Introduction
One of the most important things that you should know about the bulldozer training exercise is that you should, firstly, know the basics. There are certain principles around which the bulldozer training is structured. Before we, see the principles, let’s have a look here at, 3 day workout split & broaden your horizons on the same. The first and the foremost principle around which bulldozer training is structured is the limited rest between the exercise/sets. You should take rest between the sets, commonly like 15 to 30 seconds, but you can also workout or run, for 60 seconds for some period i.e. compound exercises, or for extended exercises or set.
Other Structured Principles – Bulldozer Workouts
The next pivotal principle, is the short but more deep workouts. In this, because of the stringent rest between the sets, which is less, you will spend less time in the workout place or on any given day, but at the same time, your workouts will have a per rep intensity, which will be great.

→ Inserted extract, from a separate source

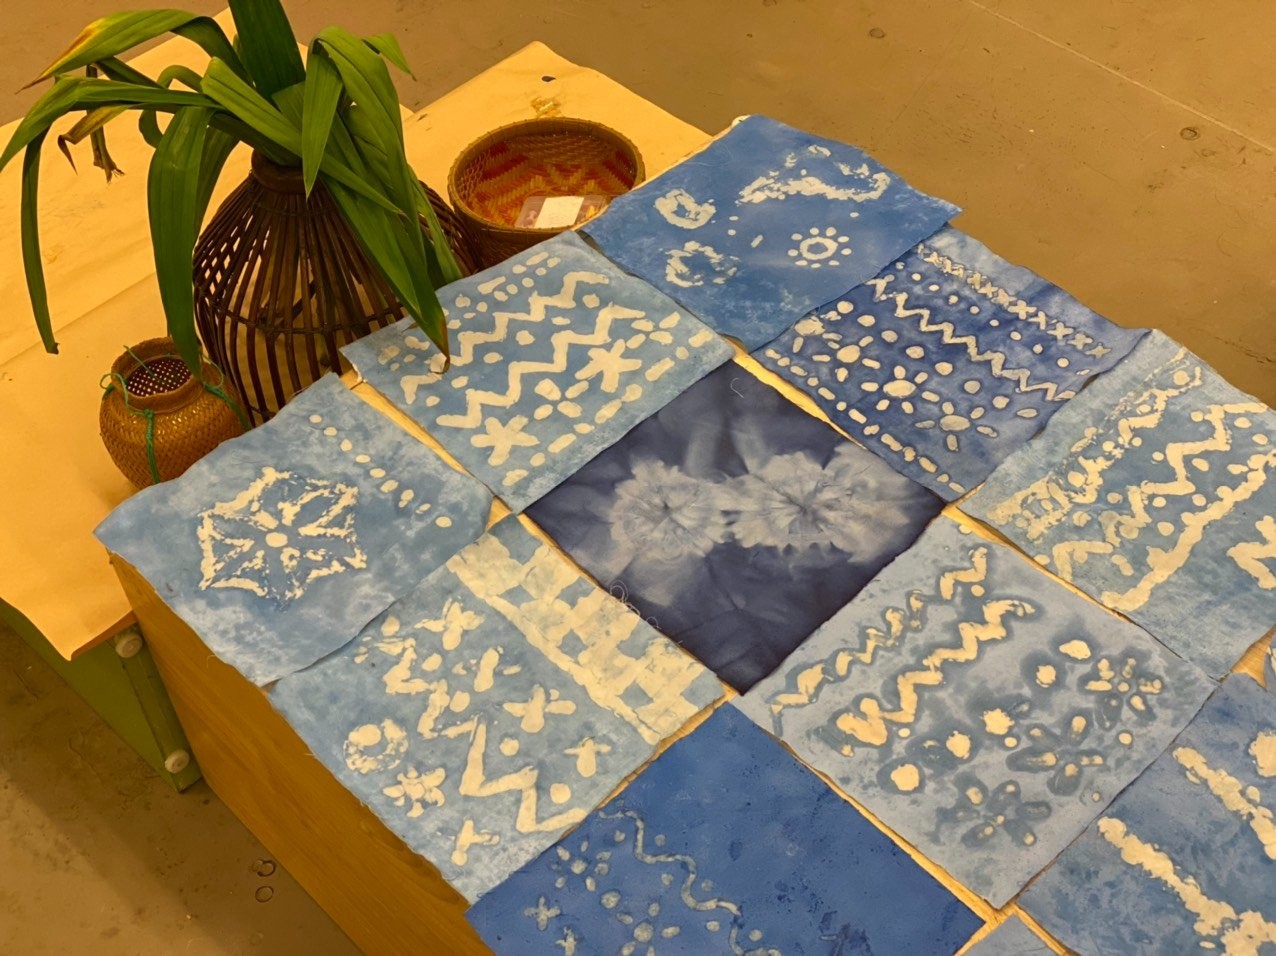 Sản phẩm nhuộm Batik của các bạn học sinh. Ảnh: Bảo tàng Phụ nữ Việt Nam

Apart from that, other principle is, less exercise per body part, in which you will not require 4-5 or more exercises to work out on a body part hard. In a bulldozer training, the high number of sets per exercise is more compared to other workouts, so you will mostly use less than 3 exercises for a given muscle group. Then, comes the weight progression using Rep goal totals, in which you will plus the Total reps performed or done for a given exercise, and if it gets a predetermined goal, weight shall be added the next time you do this lift.
Mini & Macro Sets & Rep Goal System
In this, the groups of sets which is given for exercise is called mini-sets. Besides all of that, they are differentiated with distinct terminology, as they are not done like most of the sets/exercise, when completely recovered. And, macro sets are groupings of mini-set clusters. Also, you should know that, you should not train sets for failure, so stop in mini-set when you feel like you have failed on the next rep. If you are not confident, then stop the set and rack the weight. Also, comes the same weight in which using the same working weight for every mini-set of given exercise is important. And, the most pivotal of all, intensity in this term does not connect to absolute strength but the burden placed on a muscle as it connects to muscle fibre unit recruitment. Then, in the rep goal system, the bulldozer training uses it, and is a approach of progression, which will tell you when it is the correct time to add weight to a specific exercise.